### MATERIAL PROVIDED ###

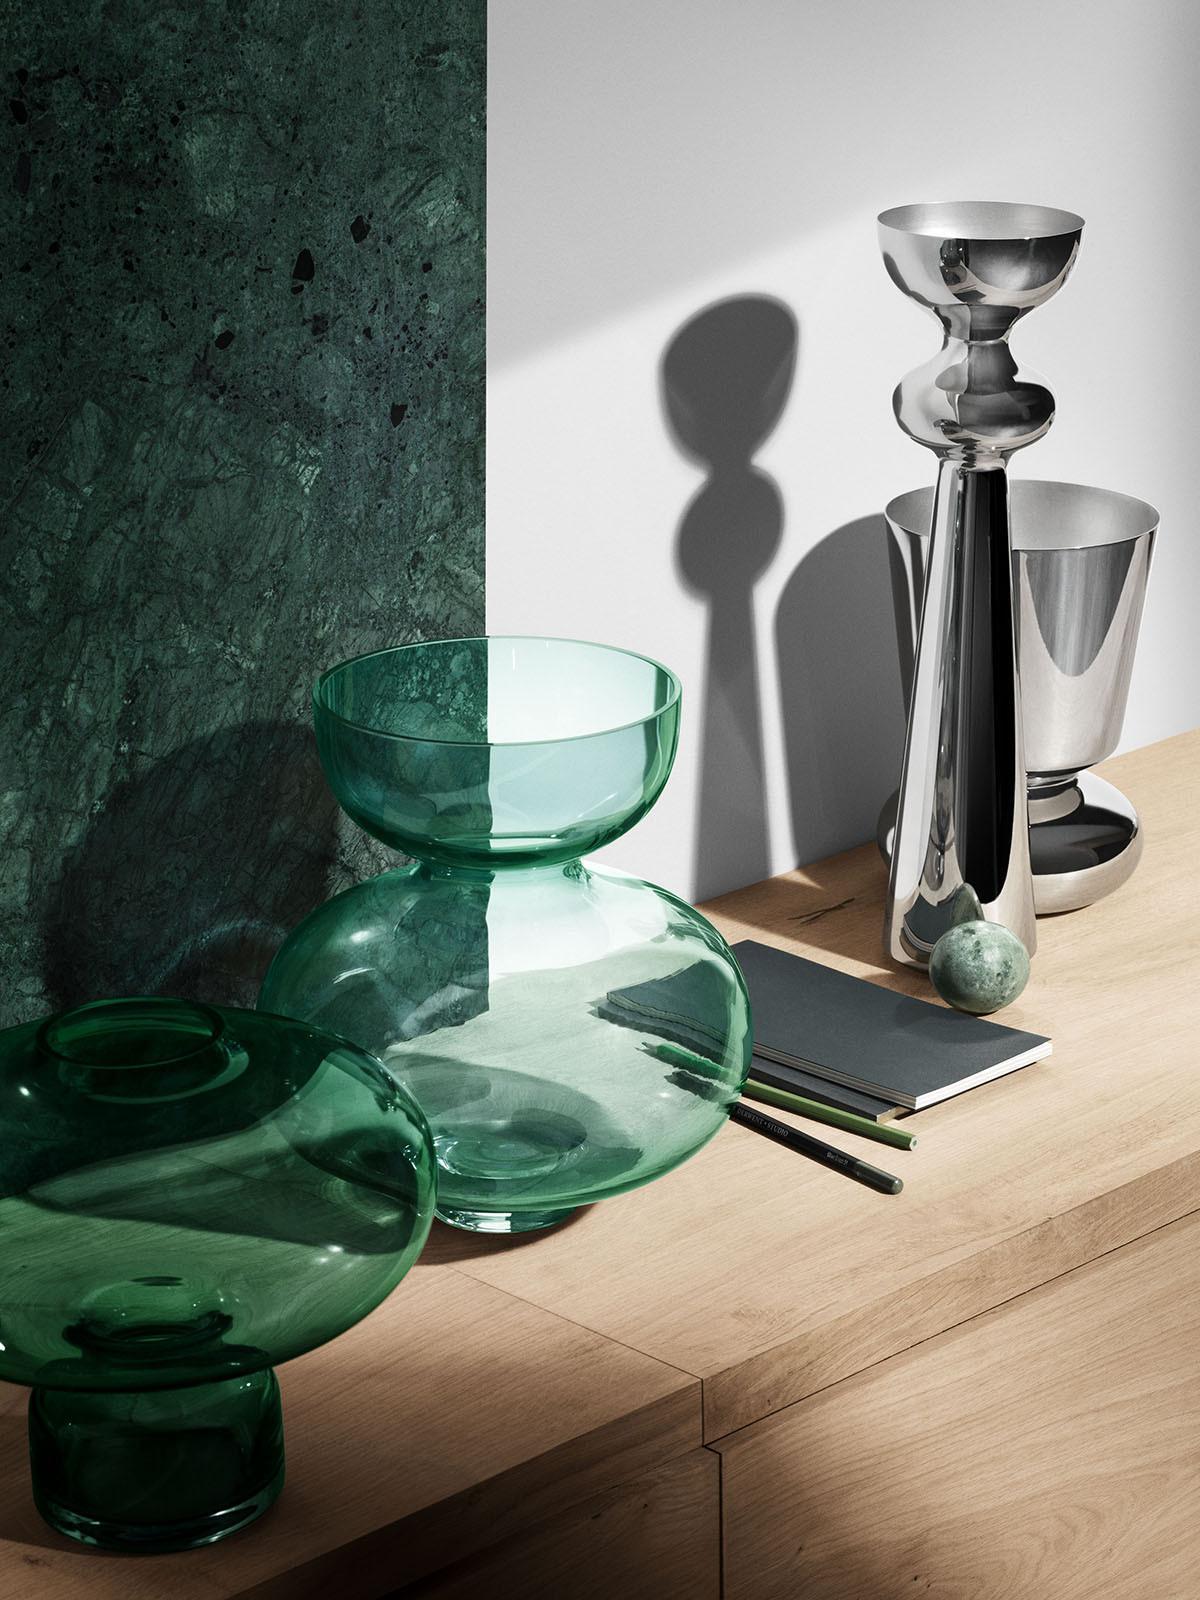 george jensen vase of alfredo ha¤berli design development alfredo living collection pertaining to alfredo living collection 2015 range of vases georg jensen
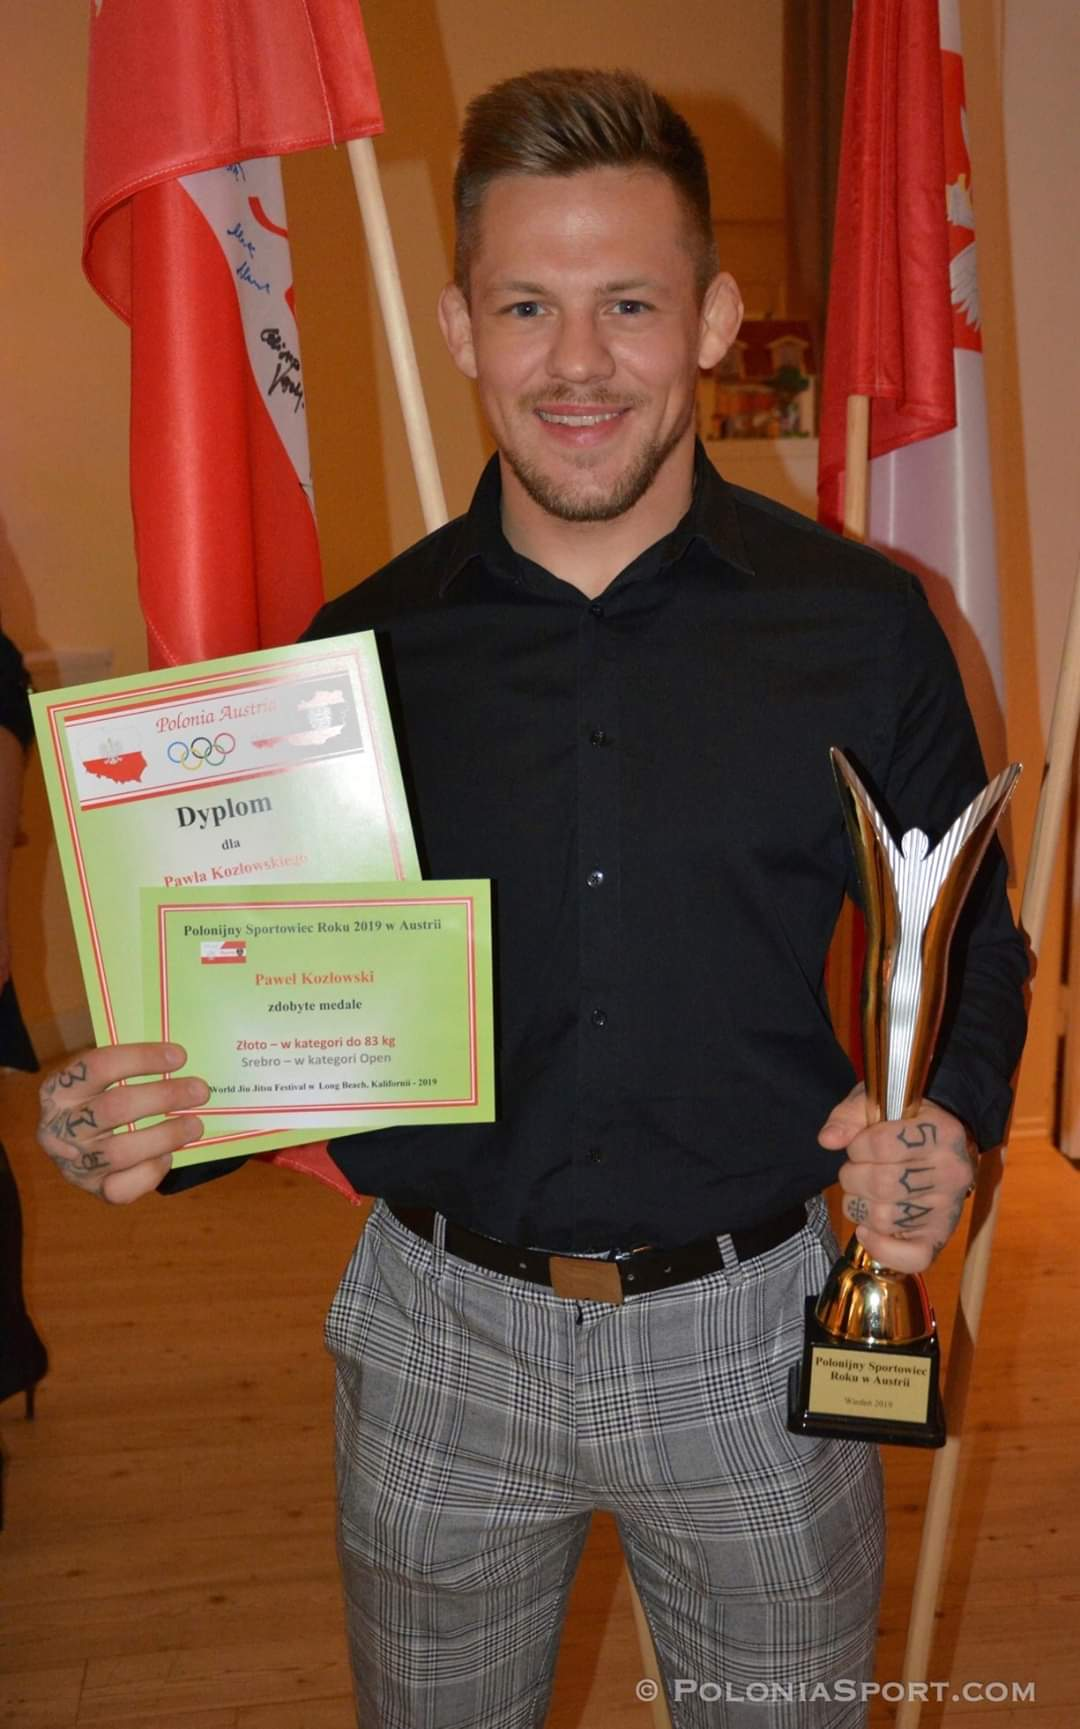 Interview with award winning mixed martial artist Pawel Kozlowski
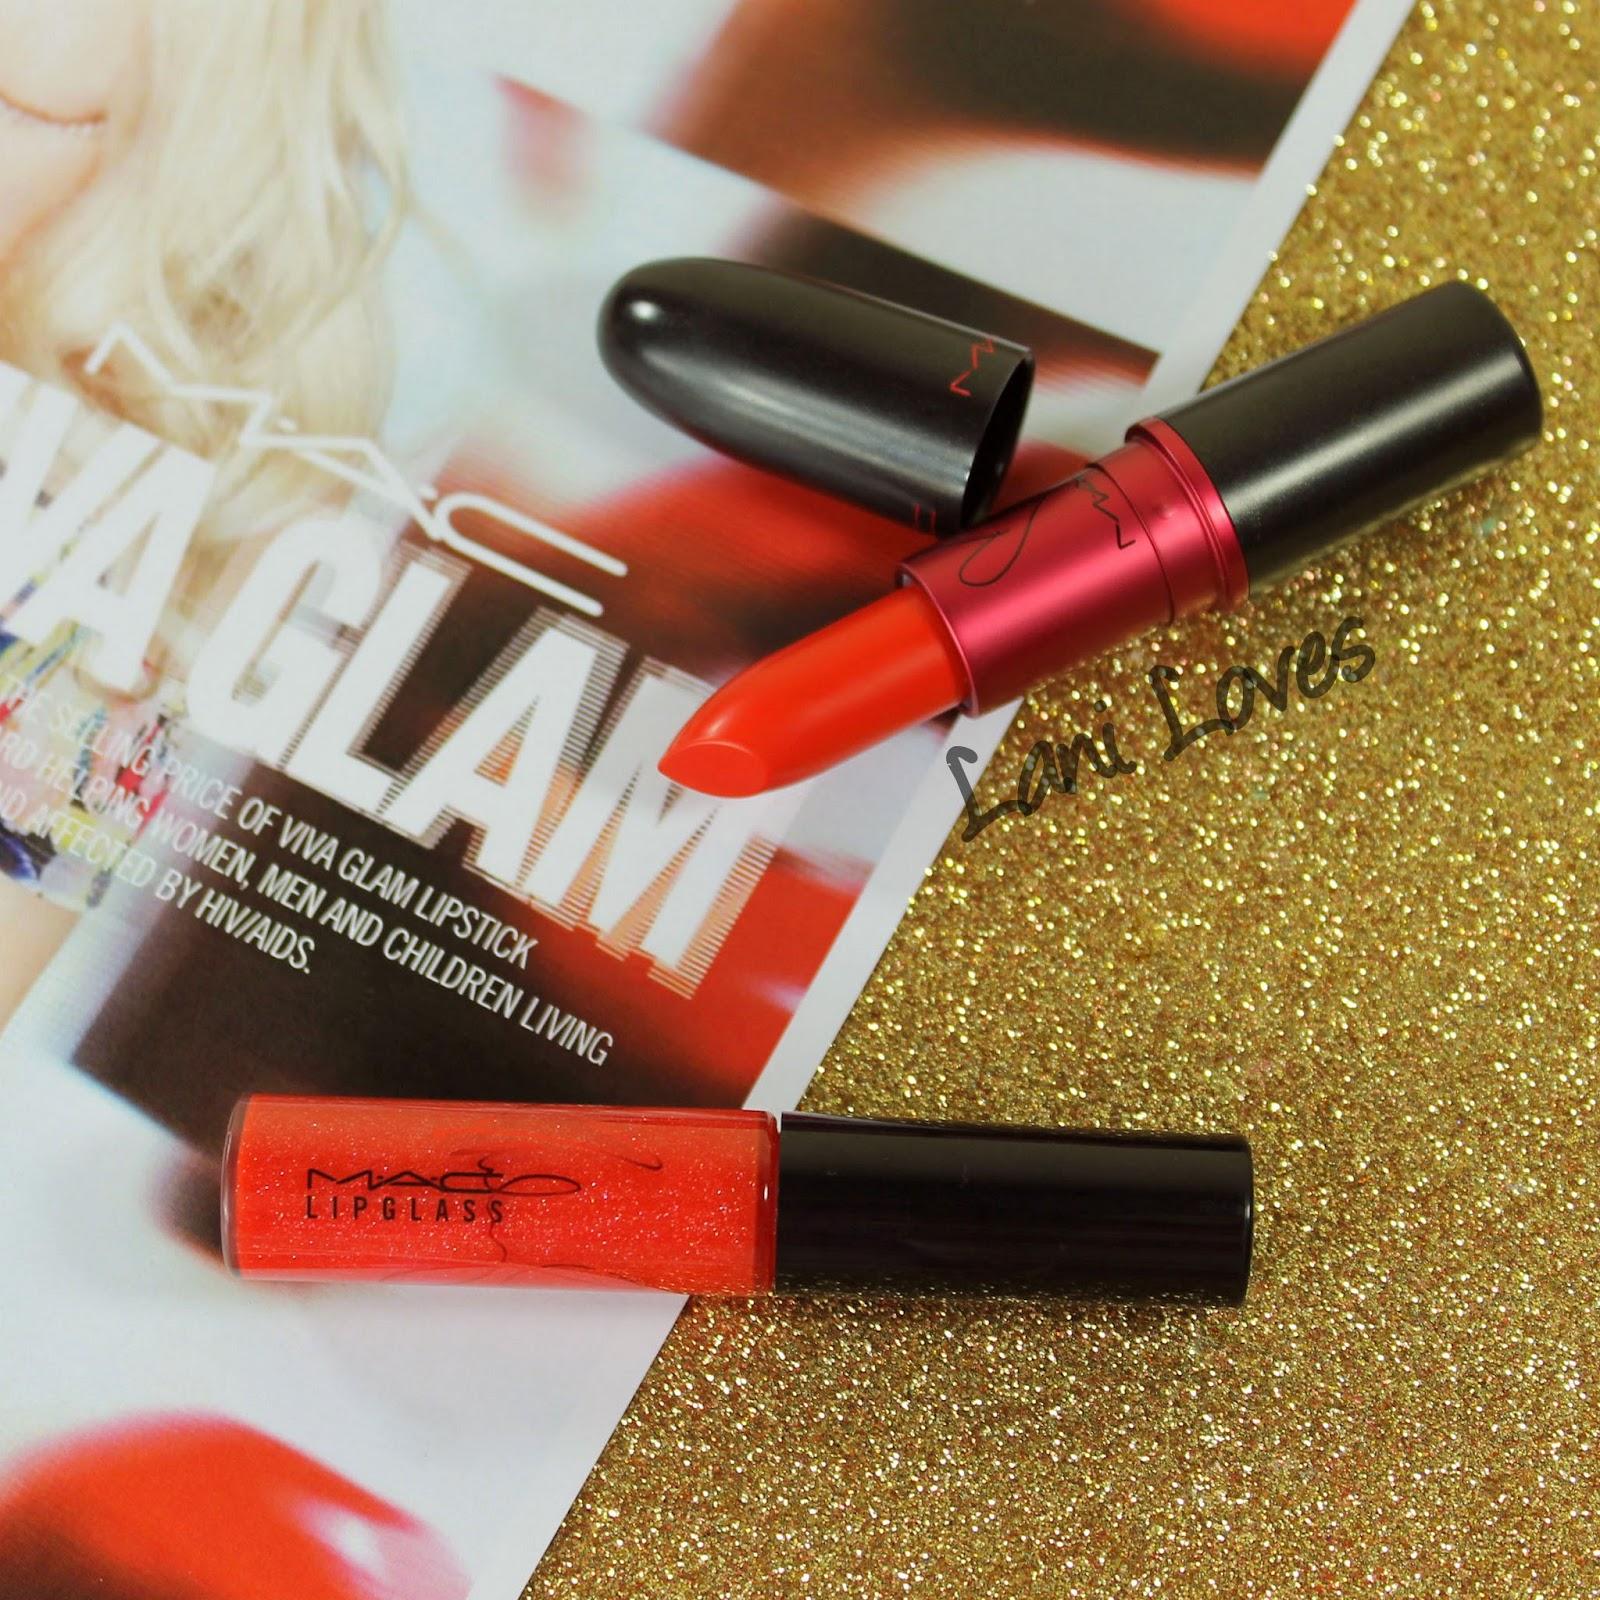 MAC Viva Glam Miley Cyrus 1 & 2 Lipstick and Lipglass ...
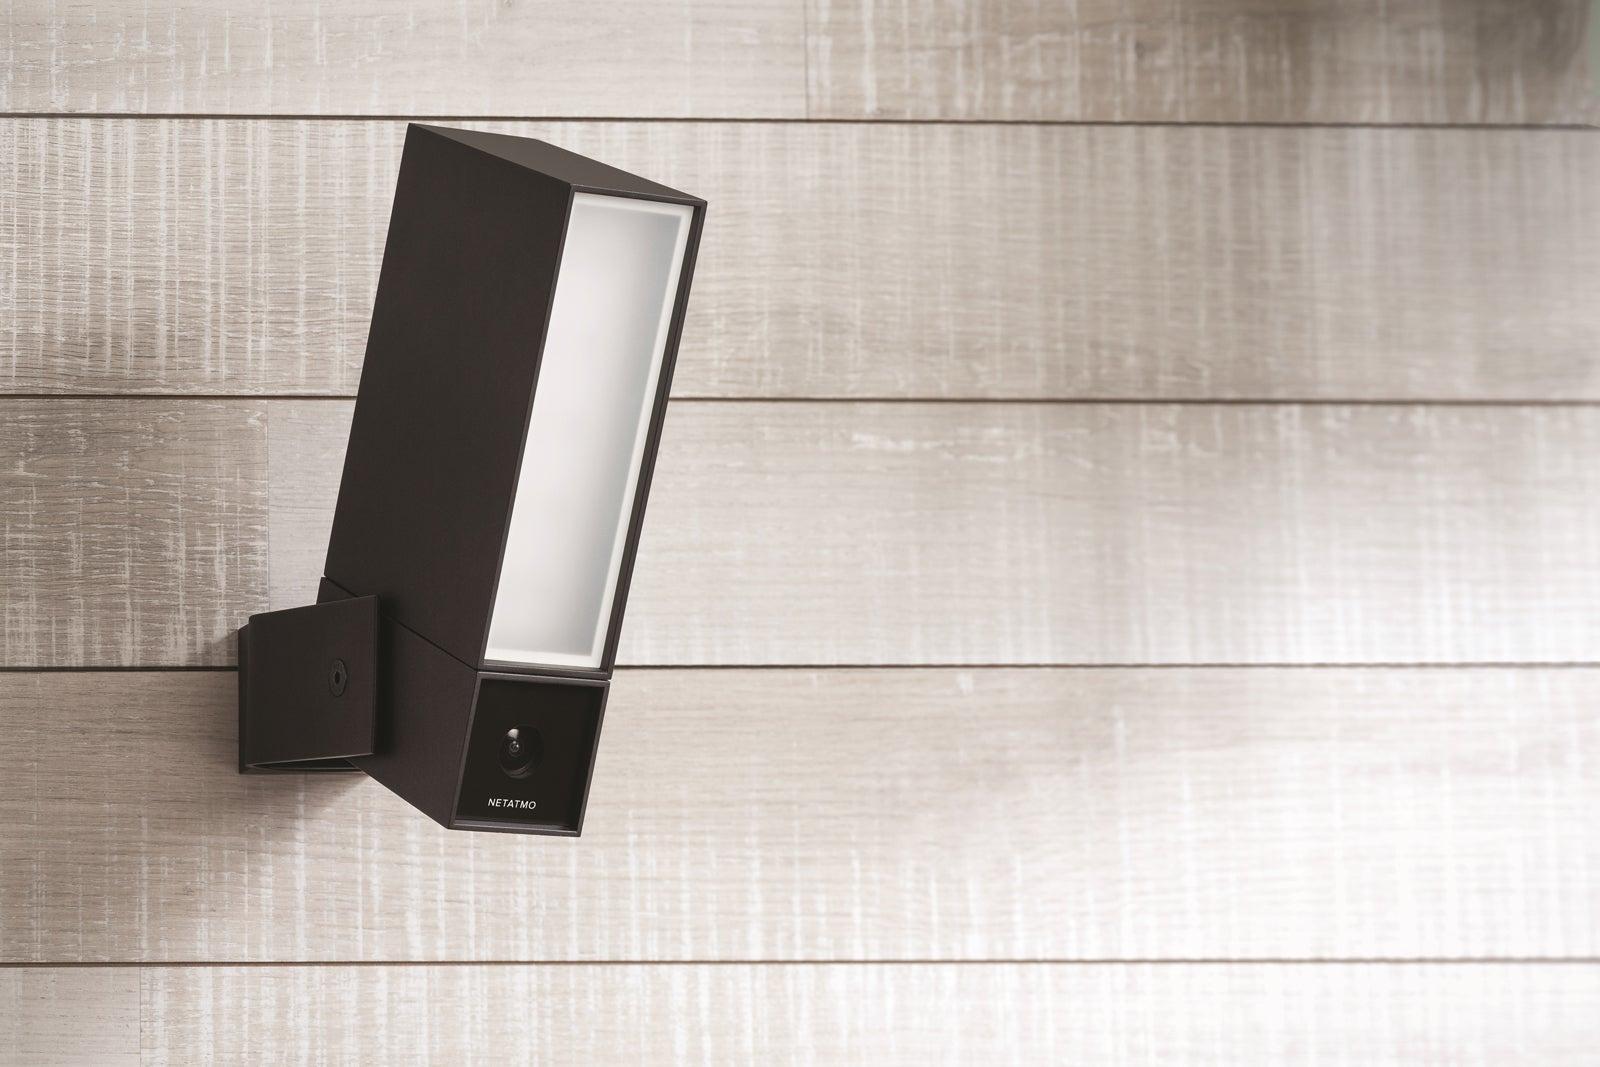 Netatmo Smart Outdoor Camera review | TechHive
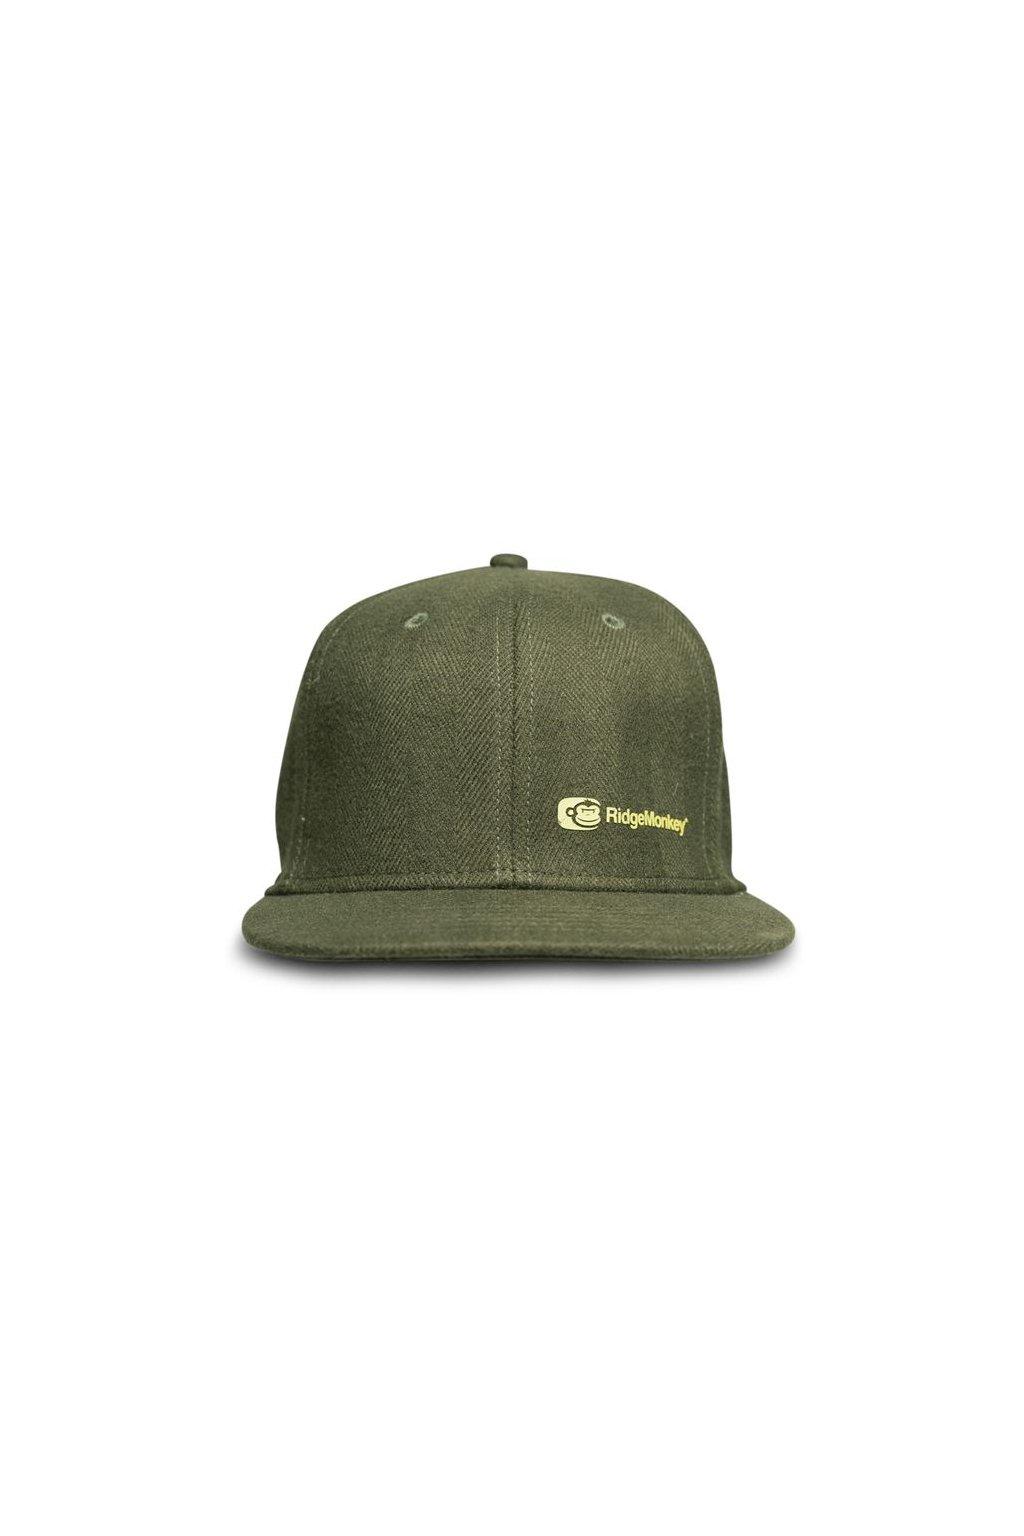 RidgeMonkey: Kšiltovka APEarel Dropback Snapback Cap Green

###

TASK REQUIREMENTS
Hand over the entries again, exactly as written and without the pictures.

RESULT OF THE EXERCISE
 george jensen vase of alfredo ha¤berli design development alfredo living collection pertaining to alfredo living collection 2015 range of vases georg jensen
 Interview with award winning mixed martial artist Pawel Kozlowski
 MAC Viva Glam Miley Cyrus 1 & 2 Lipstick and Lipglass ...
 Netatmo Smart Outdoor Camera review | TechHive
 RidgeMonkey: Kšiltovka APEarel Dropback Snapback Cap Green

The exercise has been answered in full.